Records from a dataset
- - - - - - -

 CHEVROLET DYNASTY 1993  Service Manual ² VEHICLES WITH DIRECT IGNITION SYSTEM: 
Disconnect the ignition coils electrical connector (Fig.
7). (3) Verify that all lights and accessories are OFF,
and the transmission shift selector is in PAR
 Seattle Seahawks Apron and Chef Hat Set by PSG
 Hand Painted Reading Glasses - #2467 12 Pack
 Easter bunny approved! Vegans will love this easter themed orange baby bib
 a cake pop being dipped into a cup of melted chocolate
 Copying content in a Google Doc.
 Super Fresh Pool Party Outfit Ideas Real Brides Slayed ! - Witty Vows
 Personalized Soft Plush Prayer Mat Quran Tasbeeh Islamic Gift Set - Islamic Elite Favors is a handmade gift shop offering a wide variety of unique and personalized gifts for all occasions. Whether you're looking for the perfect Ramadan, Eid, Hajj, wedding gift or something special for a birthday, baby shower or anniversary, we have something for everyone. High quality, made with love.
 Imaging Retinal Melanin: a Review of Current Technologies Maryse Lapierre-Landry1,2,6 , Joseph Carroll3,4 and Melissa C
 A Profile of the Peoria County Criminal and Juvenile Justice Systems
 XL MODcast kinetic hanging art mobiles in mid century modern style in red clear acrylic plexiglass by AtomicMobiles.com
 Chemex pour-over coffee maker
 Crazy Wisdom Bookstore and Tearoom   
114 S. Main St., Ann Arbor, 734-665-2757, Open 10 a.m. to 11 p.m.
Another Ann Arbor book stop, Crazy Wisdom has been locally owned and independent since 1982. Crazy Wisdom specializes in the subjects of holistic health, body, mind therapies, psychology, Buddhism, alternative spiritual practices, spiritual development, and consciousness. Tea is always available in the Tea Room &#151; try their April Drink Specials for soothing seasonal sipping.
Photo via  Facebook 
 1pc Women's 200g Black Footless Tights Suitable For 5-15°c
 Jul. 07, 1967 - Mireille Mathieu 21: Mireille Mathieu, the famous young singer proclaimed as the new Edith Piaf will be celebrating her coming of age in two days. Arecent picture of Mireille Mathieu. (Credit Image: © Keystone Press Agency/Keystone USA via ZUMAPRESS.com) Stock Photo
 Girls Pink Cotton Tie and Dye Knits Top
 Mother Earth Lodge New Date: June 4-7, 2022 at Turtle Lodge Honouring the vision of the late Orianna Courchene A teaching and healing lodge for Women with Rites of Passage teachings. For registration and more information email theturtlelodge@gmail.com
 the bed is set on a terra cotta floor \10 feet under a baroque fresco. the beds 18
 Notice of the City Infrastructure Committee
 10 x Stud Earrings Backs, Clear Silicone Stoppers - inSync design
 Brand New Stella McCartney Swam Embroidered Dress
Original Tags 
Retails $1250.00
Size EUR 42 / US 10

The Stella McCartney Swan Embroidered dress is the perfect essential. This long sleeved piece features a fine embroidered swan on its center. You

- - - - - - -

Assignment. Begin at the line containing "Notice of the City Infrastructure Committee" and reproduce every line through the last one in the records above, exactly.

Result of the task.
 Notice of the City Infrastructure Committee
 10 x Stud Earrings Backs, Clear Silicone Stoppers - inSync design
 Brand New Stella McCartney Swam Embroidered Dress
Original Tags 
Retails $1250.00
Size EUR 42 / US 10

The Stella McCartney Swan Embroidered dress is the perfect essential. This long sleeved piece features a fine embroidered swan on its center. You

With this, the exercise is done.